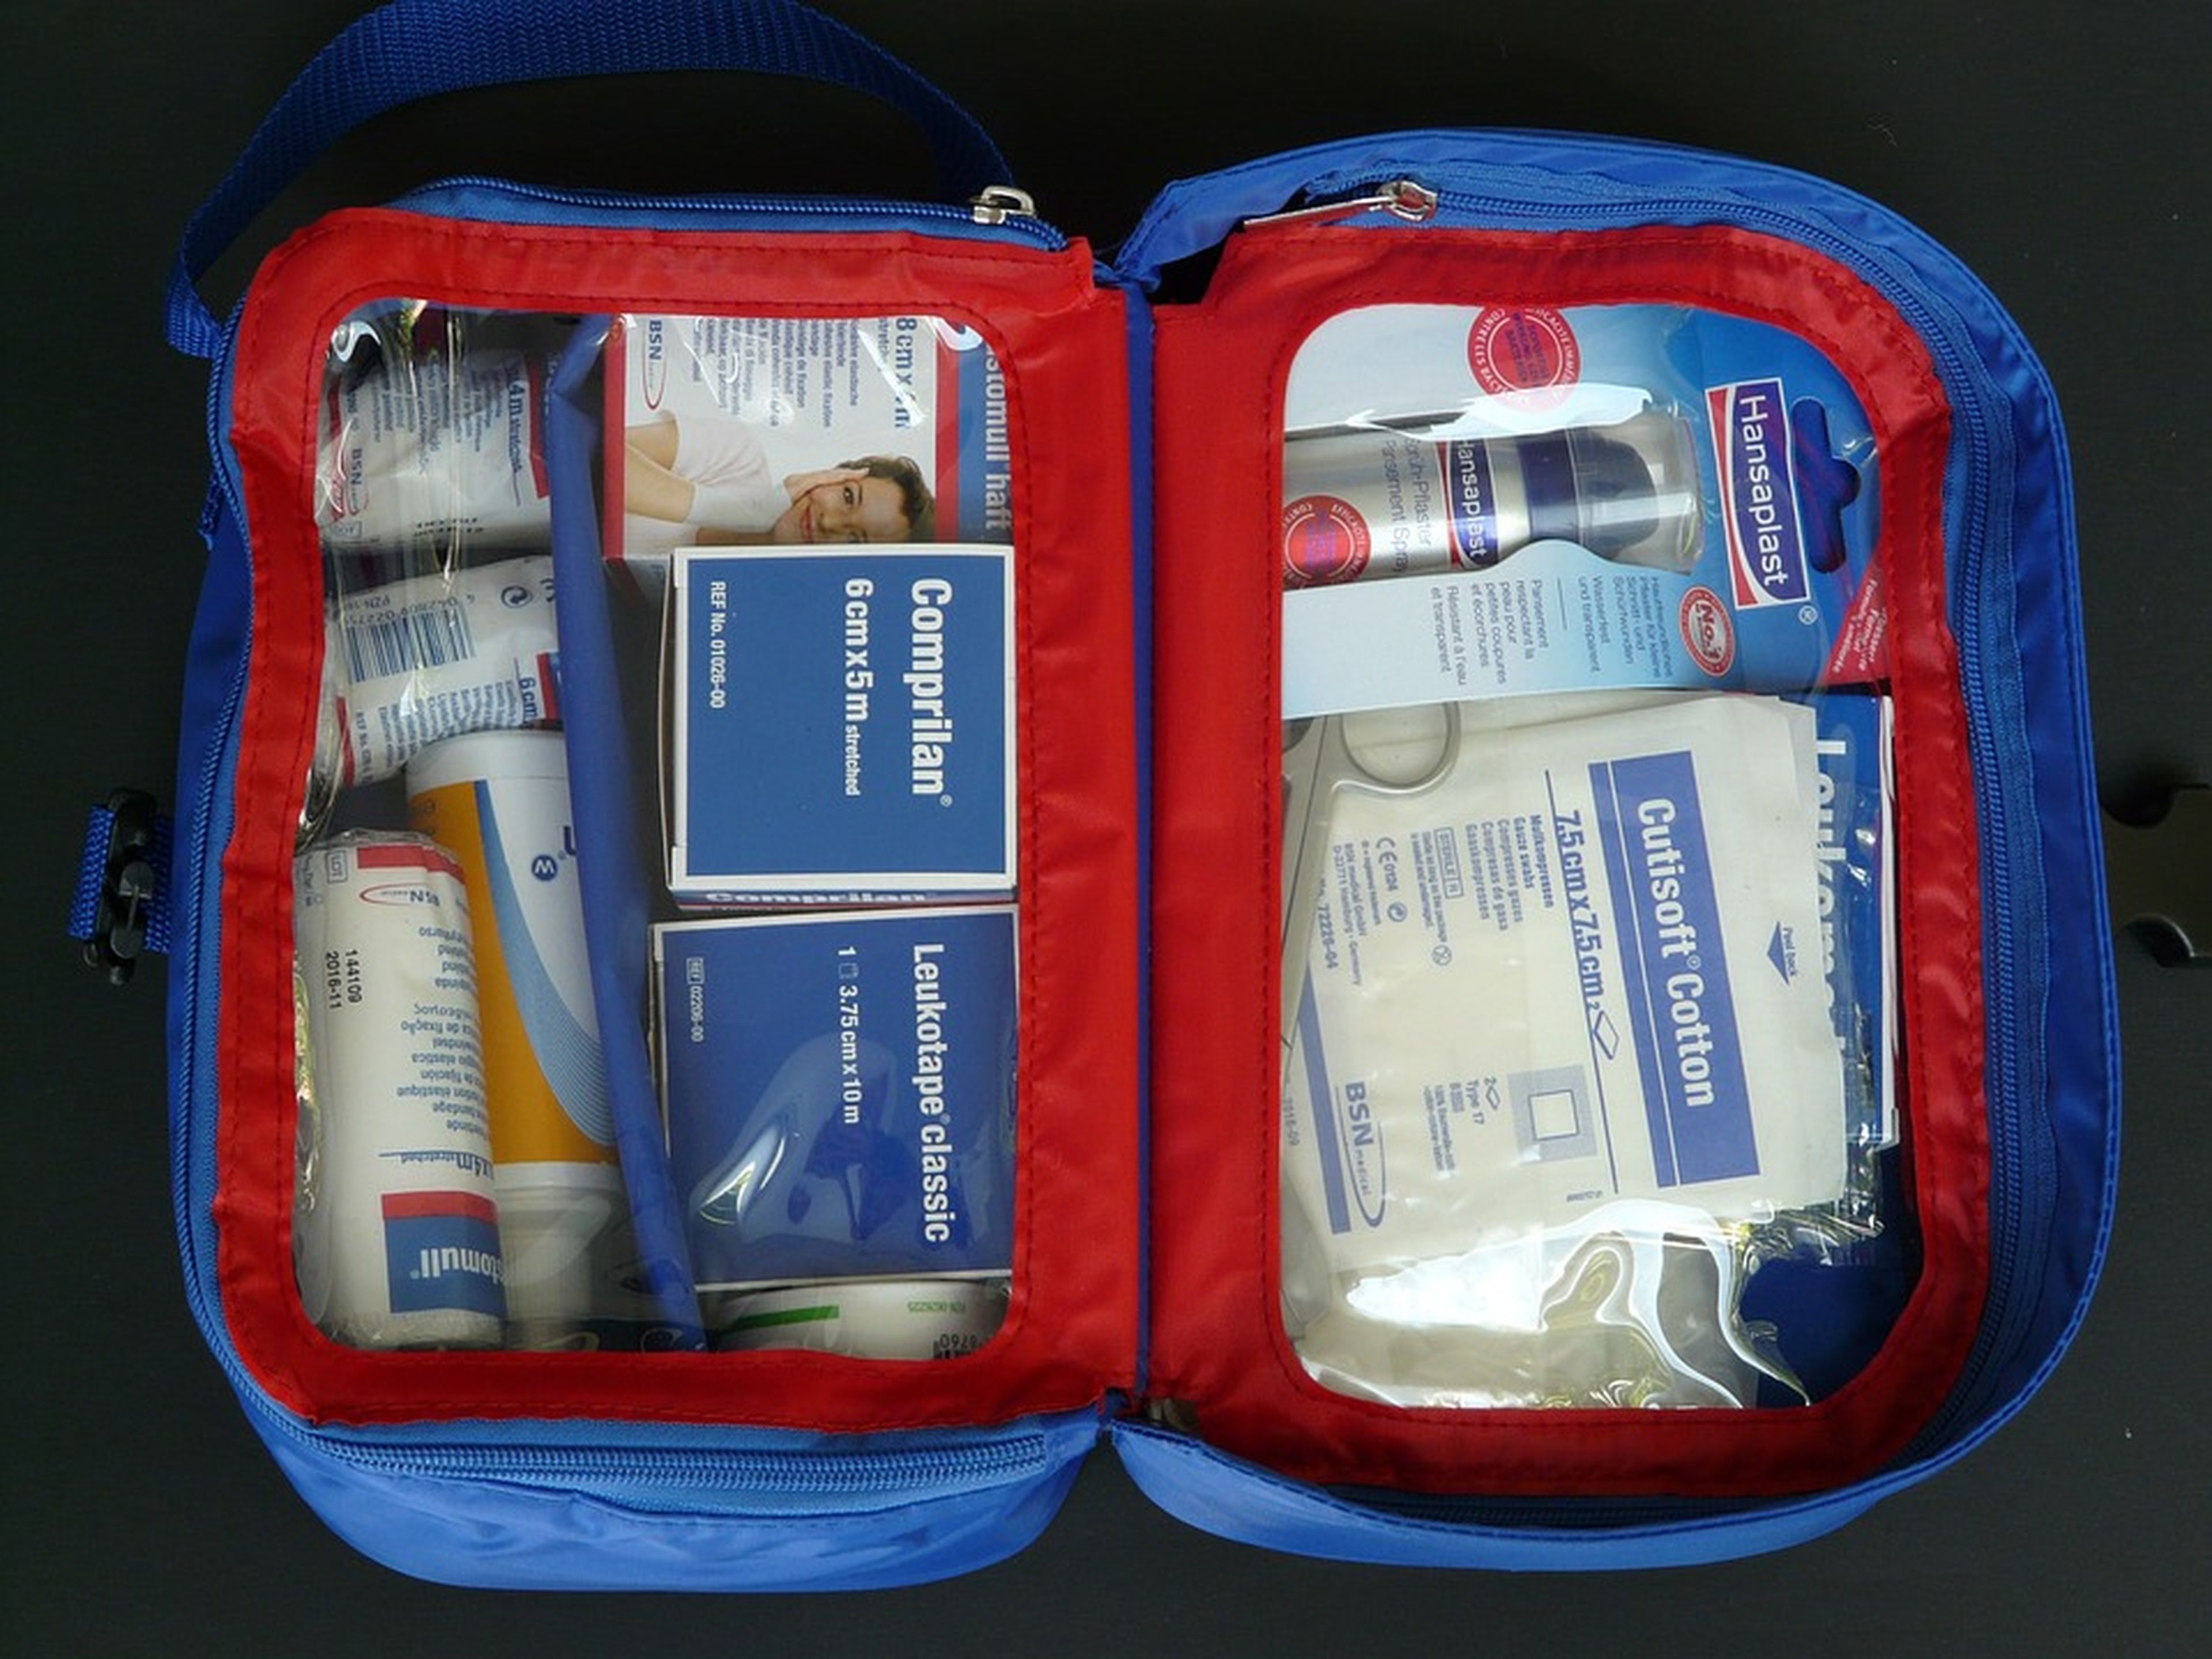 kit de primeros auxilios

--------------------------------

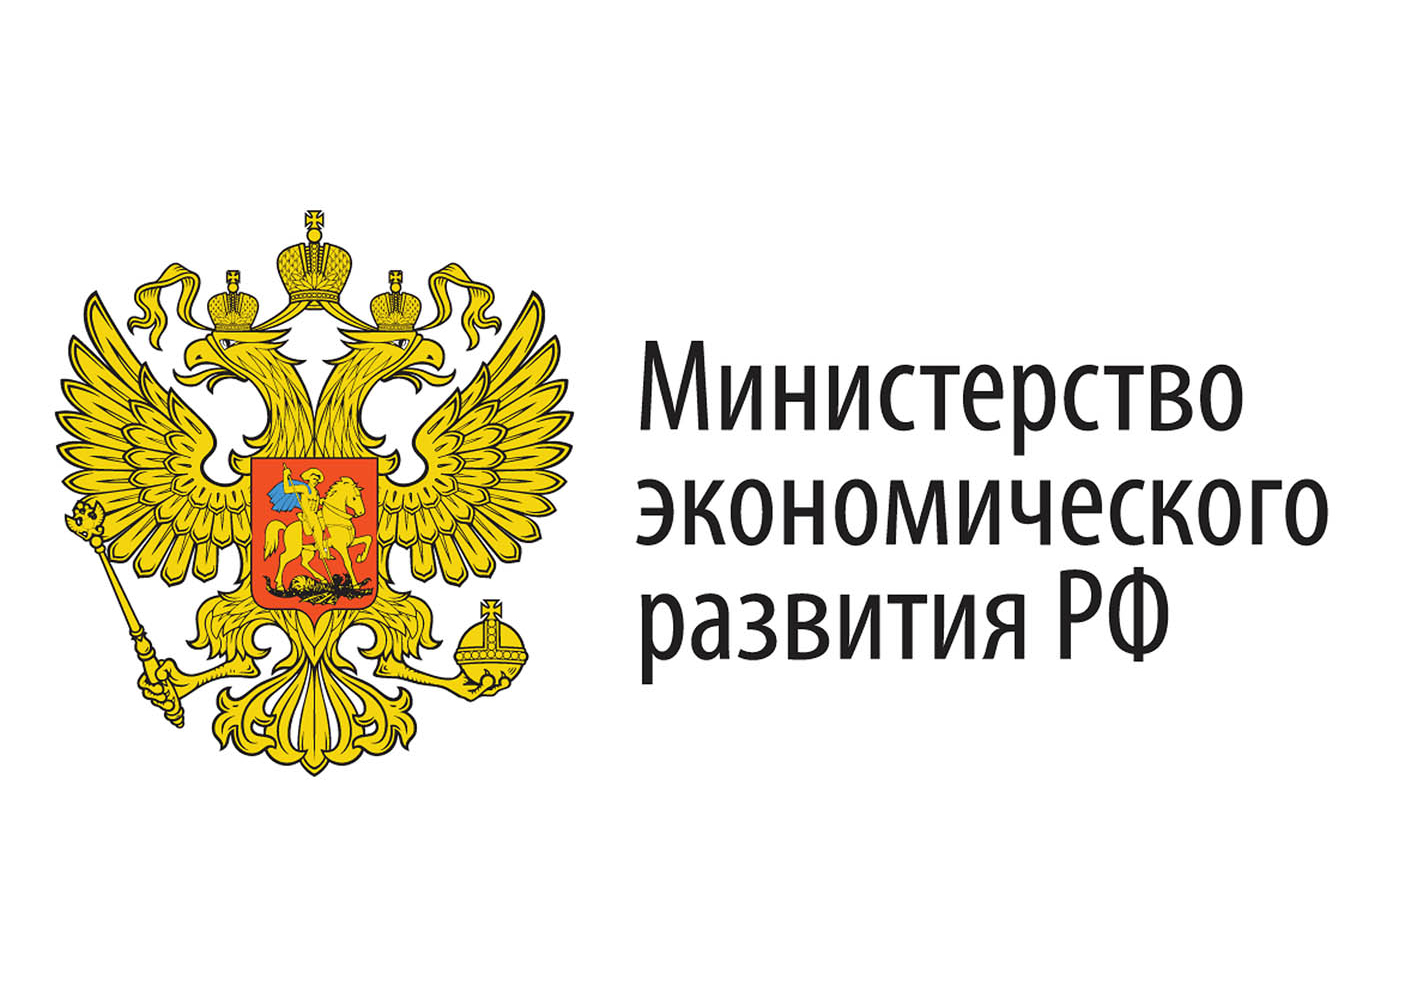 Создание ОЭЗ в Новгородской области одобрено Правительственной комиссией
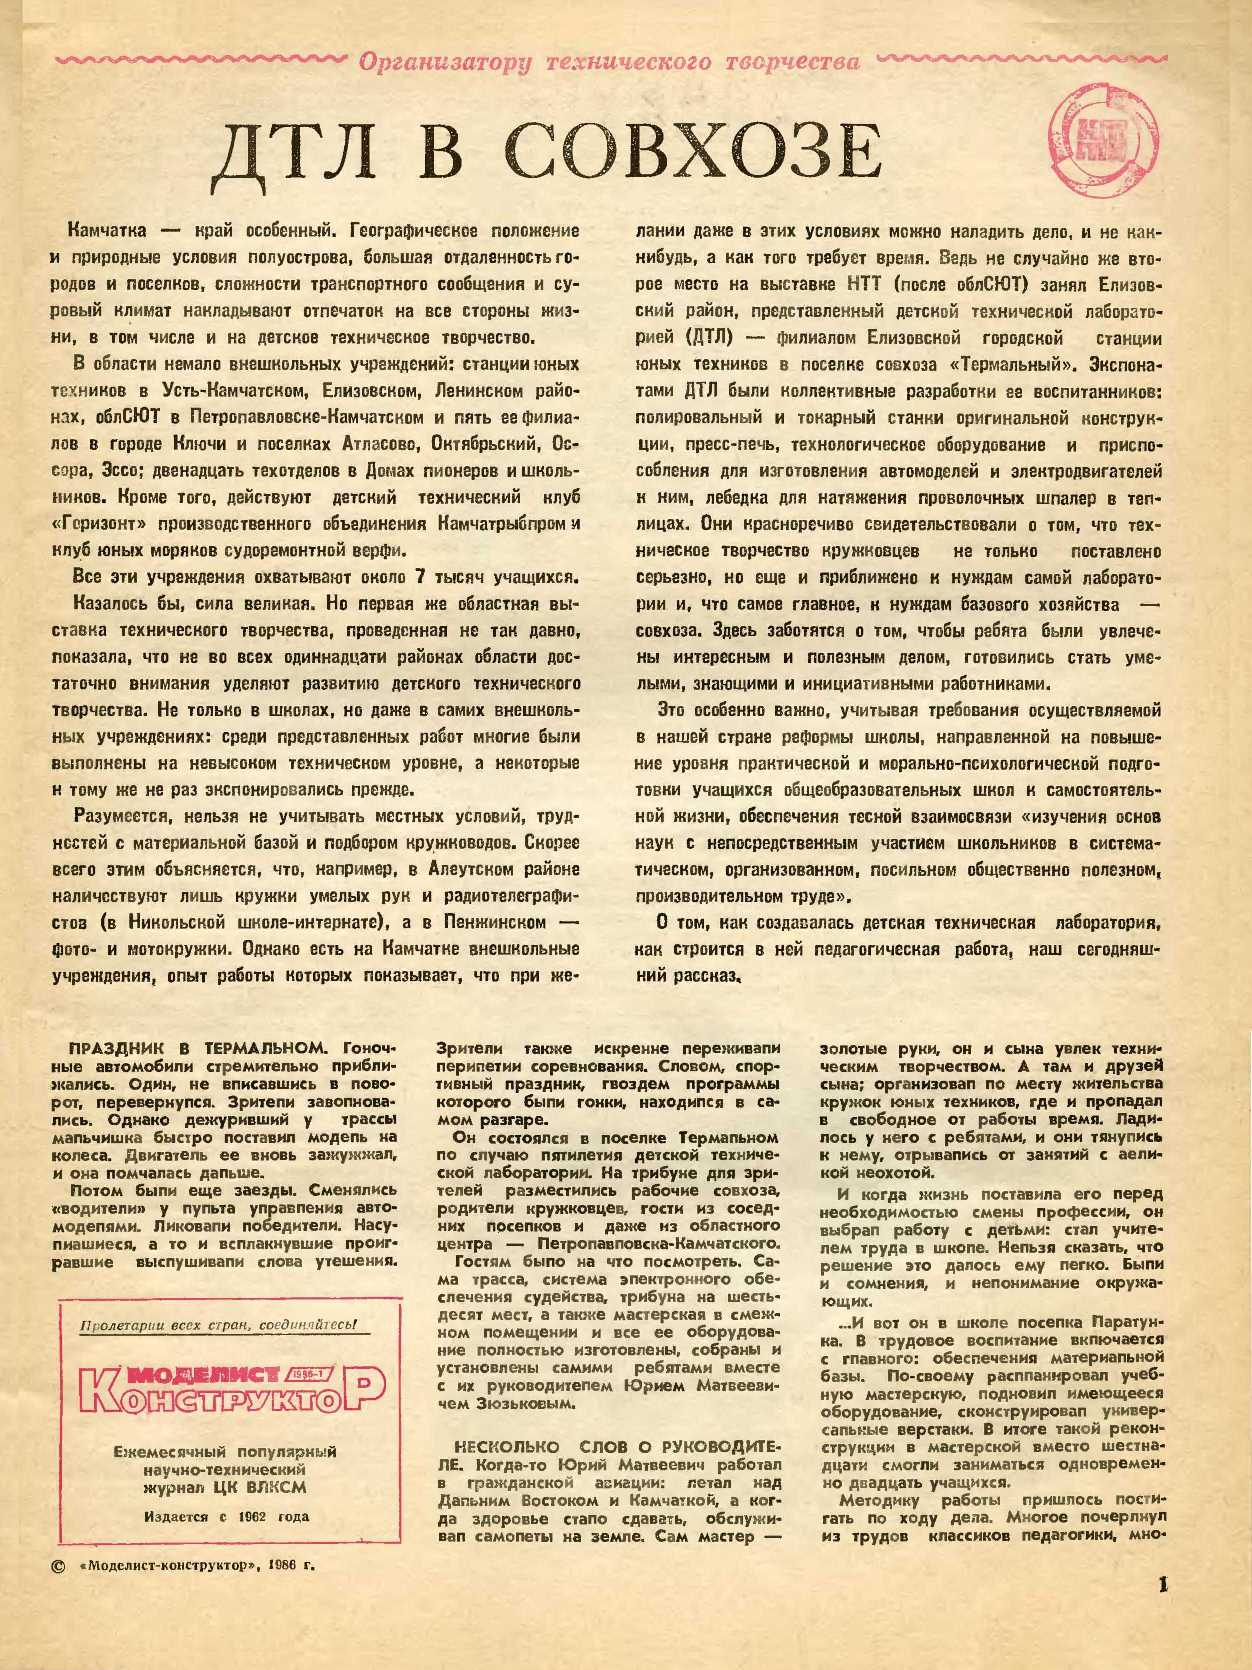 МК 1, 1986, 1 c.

--------------------------------

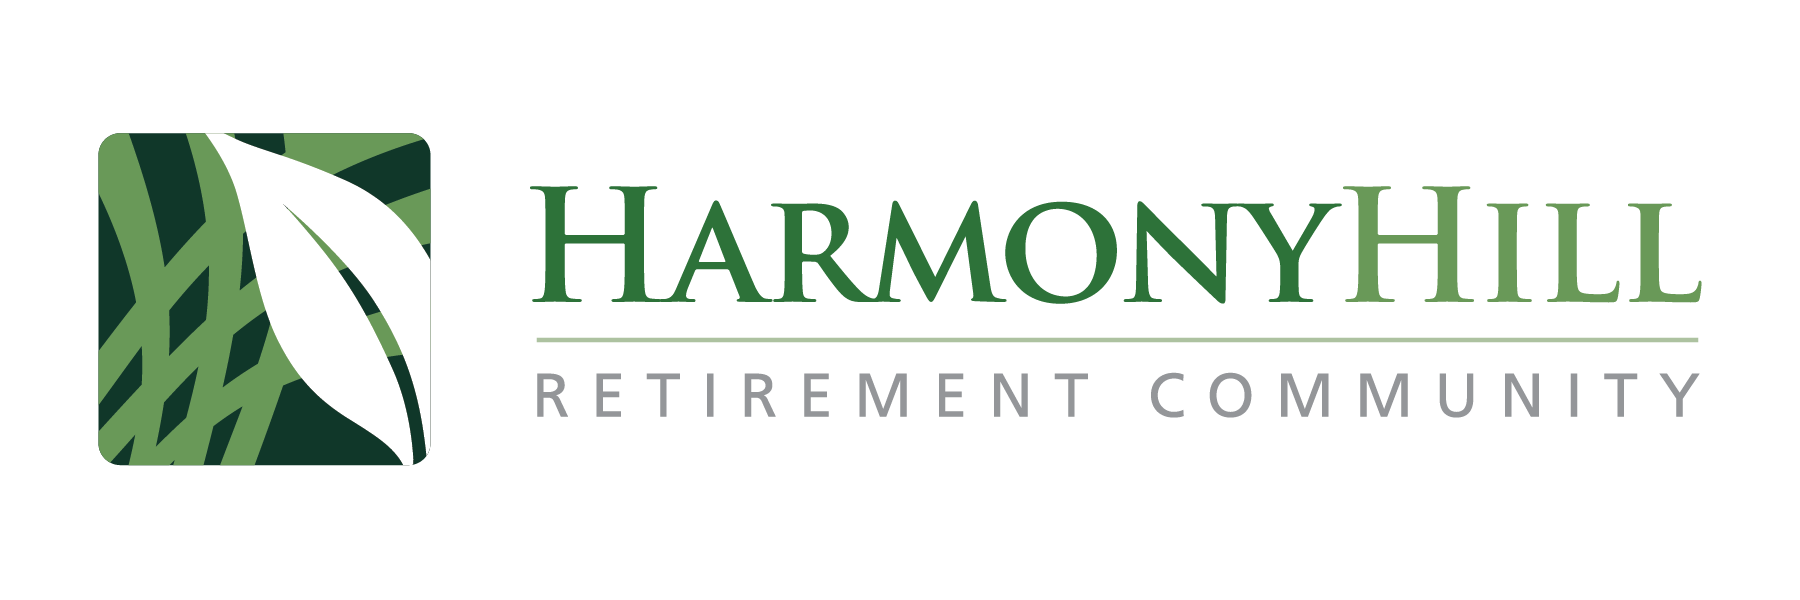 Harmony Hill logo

--------------------------------

## What is required
Every line above between the one containing "Создание ОЭЗ в" and the one containing "МК 1, 1986, 1 c.", those two included, is to be printed exactly. No pictures go into the copy.

## Written answer
 Создание ОЭЗ в Новгородской области одобрено Правительственной комиссией
 МК 1, 1986, 1 c.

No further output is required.